Puts the elastos binary in ~/.local/bin/elastos. Needs curl, python3, and openssl 1.1.1+ (the installer uses openssl to check Ed25519 signatures; the runtime itself has no OpenSSL dependency).

Chat with someone

# on your machine
elastos chat --nick alice

# on another machine, use the ticket alice printed
elastos chat --nick bob --connect "<ticket>"

# or let DHT find peers (30-120s cross-network, instant on LAN)
elastos chat --nick bob

Five capsules working together: runtime, shell, localhost-provider, did-provider, and Carrier. No sudo needed.

Other things you can do

elastos --version          # your version and DID
elastos update --check     # check for signed updates
elastos setup --list       # see what's available

Content sharing, notepad, GBA emulator, and an AI agent also exist in the codebase. They're being revalidated after recent work. Chat is the solid path right now.

What's Ahead

Open the source on GitHub. Cleanup and audit are underway.
Blockchain integration. Bridge did:key to the Elastos DID sidechain. Run chain nodes as capsules. Enable payment flows.
PC2 as capsules. Break the PC2.net web desktop into capsules running on this runtime. The shell becomes a web experience.
Encrypted capsules and dDRM. Capsule-level encryption, decryption-gated access, royalty flows through Elastos Smart Chain.
More platforms. macOS, hardened Jetson, better WSL.

What Could Be Built

The capsule model opens up a lot. Some things we've been thinking about:

A marketplace capsule where creators publish encrypted content and fans pay to unlock it, with royalties enforced on-chain
Personal AI agents that run in your sandbox, with your data, under your control. Not someone else's cloud.
Decentralized social apps where your posts, your followers, your history live in your capsules. You move platforms, your data moves with you.
IoT device management on Jetson and Raspberry Pi nodes, each one a sovereign PC2 node with signed capsule updates
Collaborative workspaces where teams share encrypted data capsules peer-to-peer, no central server
Your idea. Seriously.

Build with us

ElastOS is early and moving fast. If you're a developer, a creator, or just someone who cares about how computing should work, we'd love to hear from you.

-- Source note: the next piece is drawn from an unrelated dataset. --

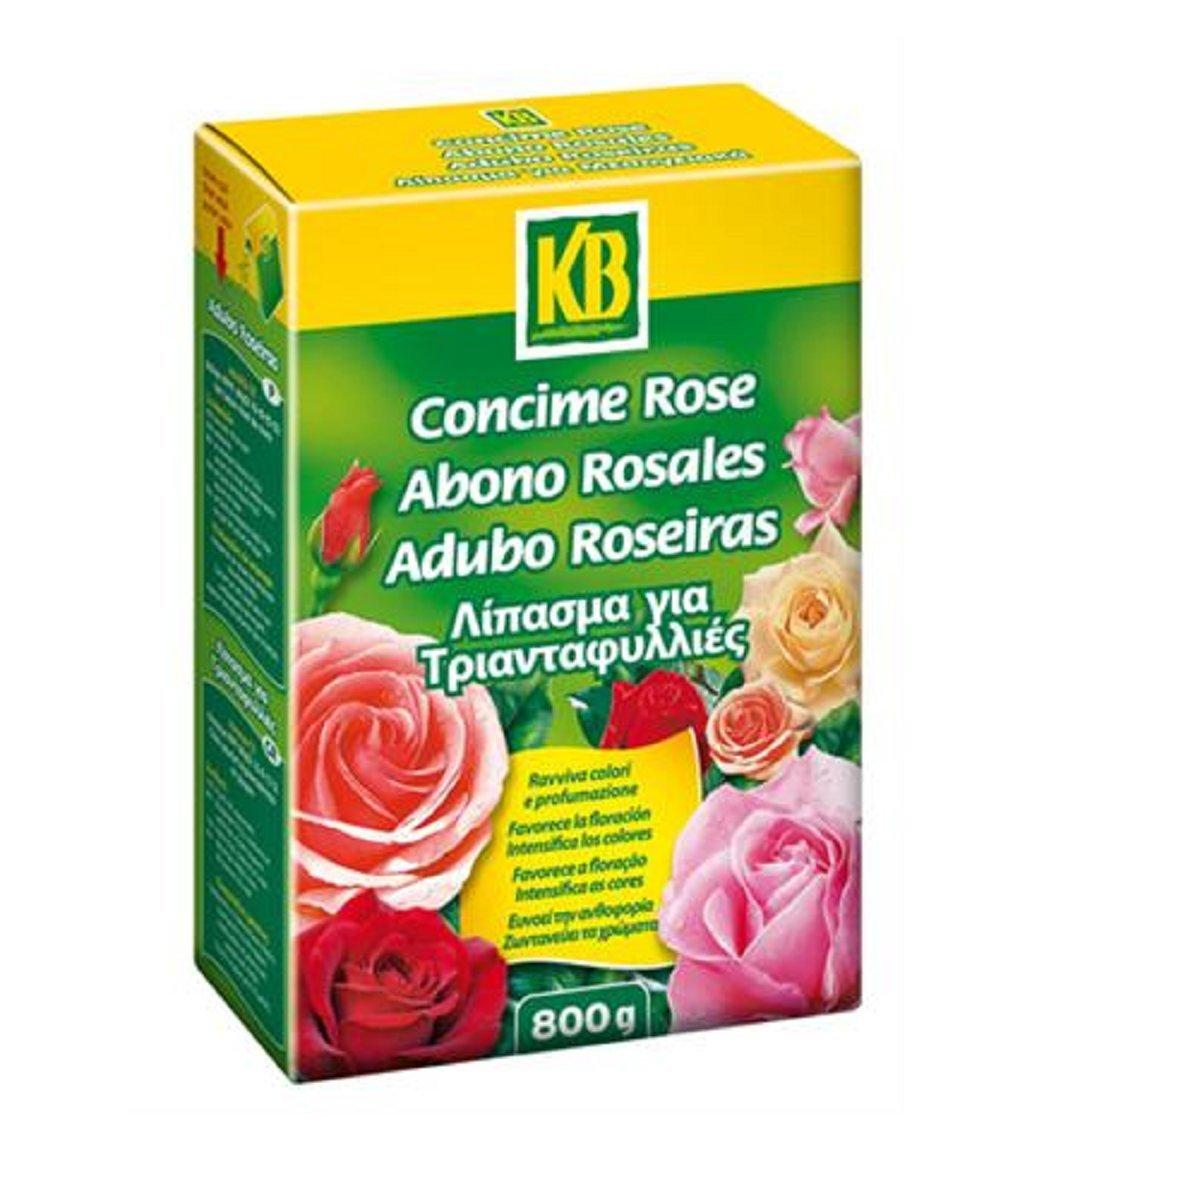 CONCIME GRANULARE 800GR ROSE KB 6377 PER ROSE CESPUGLI FIORITI E ROSACEE ITAL-AGRO

The runtime is written in Rust. Capsules can be WASM or full Linux VMs. The capability system, the Carrier protocol, the provider model, the DID bridge to blockchain... there are real things to build here and real problems to solve together.

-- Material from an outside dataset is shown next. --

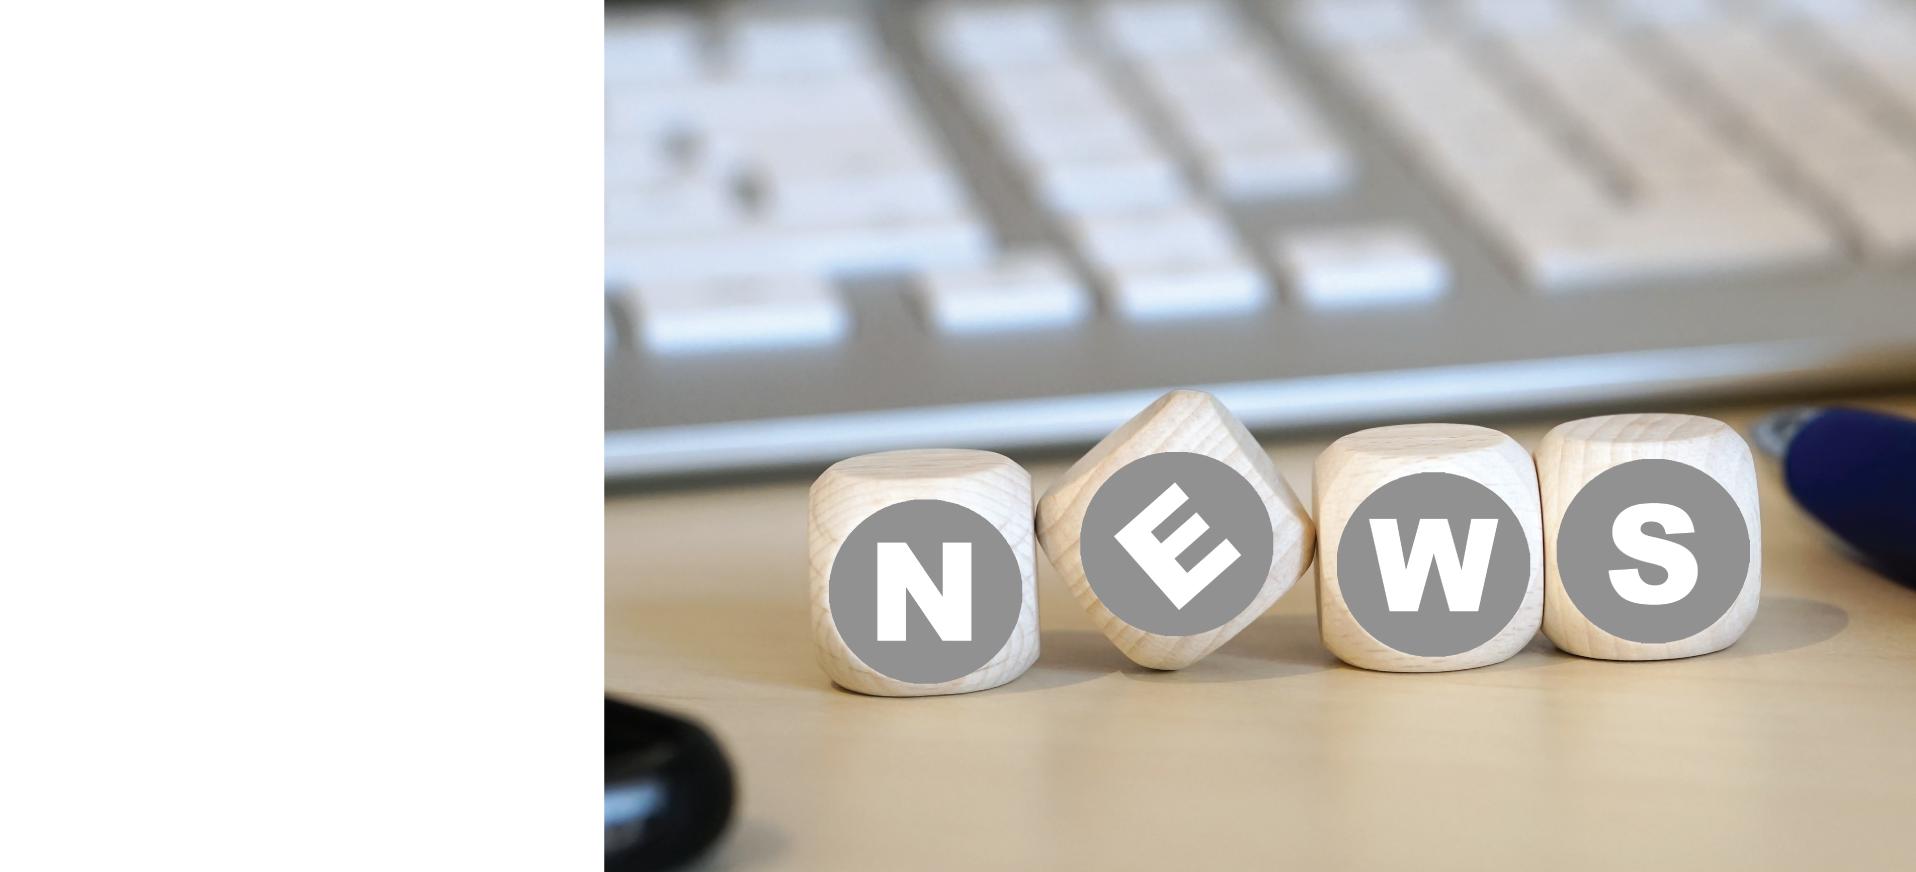 News blocks with keyboard

Come talk to us: ela.city · elacitylabs.com · elastos.info

Principles

Zero ambient authority. Capsules start with no permissions. The shell policy decides what gets granted.
Content-addressed. Code and data identified by hash. No server to trust. No URL to hijack.
Offline-first. Capsules have no concept of "the internet." You have the CID or you don't.
Actor equality. Humans and AI agents get the same tokens, same sandbox, same rules.
Auditable. Every capability grant, every security action, cryptographically logged.